Z3 itself is lacking in documentation, attempting to use tutorials as a substitute, and its web site is full of dead links. When Z3 fails to find a solution it either goes into a seemingly infinite spin and/or prints unsat, hoping you will go away. (There is a way to get it to print a counterexample, but the output is sadly incomprehensible.) Quite often I found myself sitting at my terminal wondering why my assertions were unsatisfiable.

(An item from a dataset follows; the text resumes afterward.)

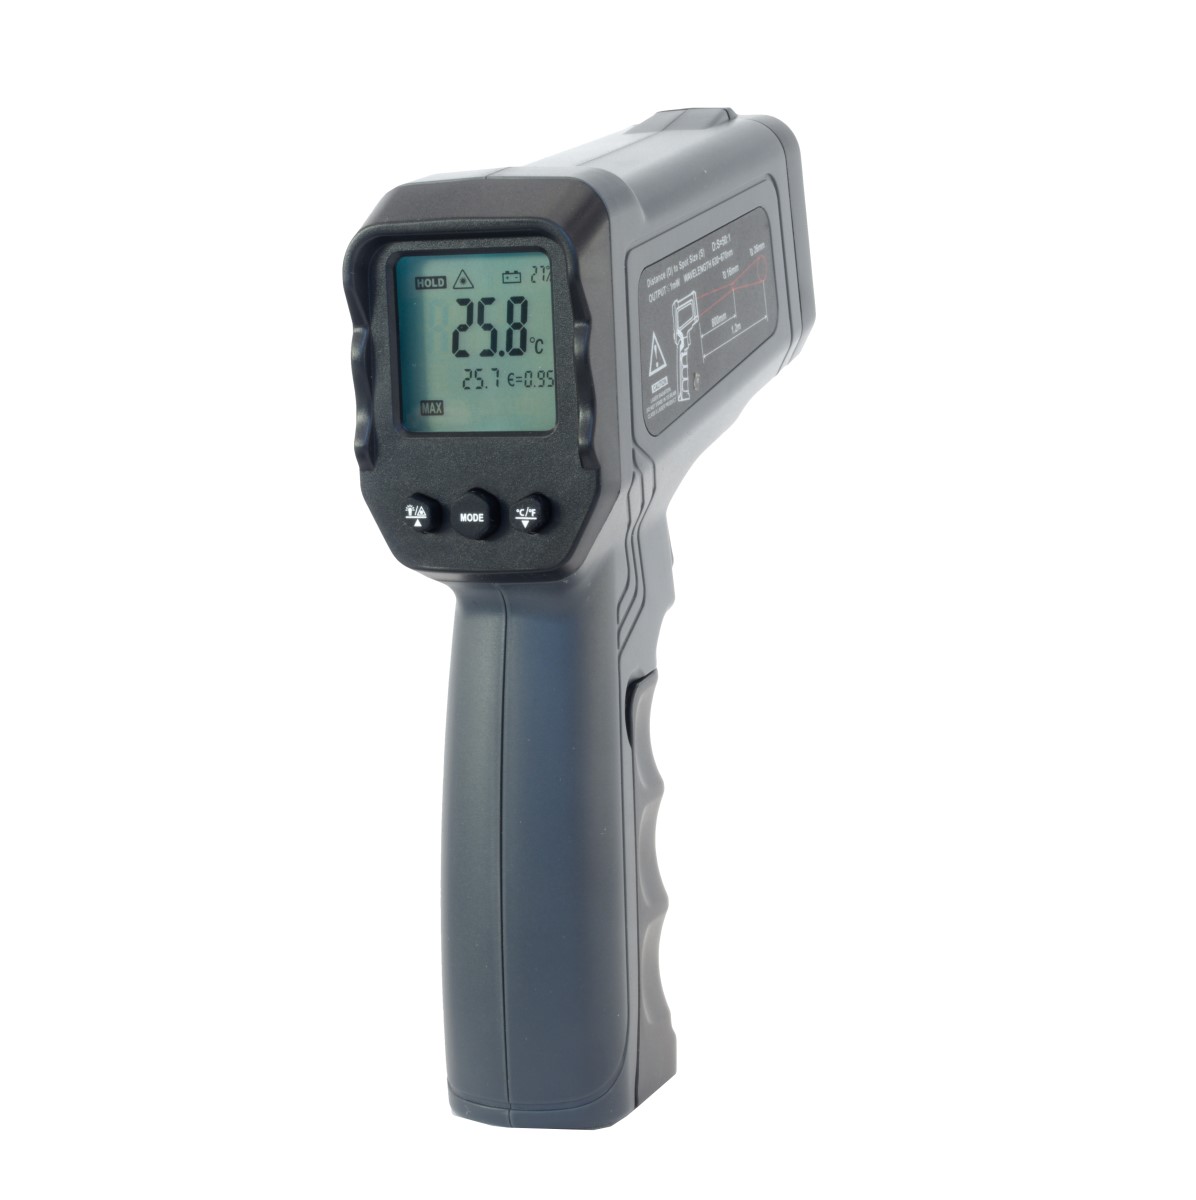 Thermomètre infrarouge Acheter, Mesure jusqu'à 1600 °C

My advice, if you find yourself in the situation where you are 100% certain something should work, is to remove the general cases and add assertions for very specific cases. At some point a specific case will cause Z3 to reject your assertions, which will give you a clue as to what has gone wrong.

Give it a spin if you’re thinking about revamping your tagging system or if you want to add extra tricks and be certain that they are well founded.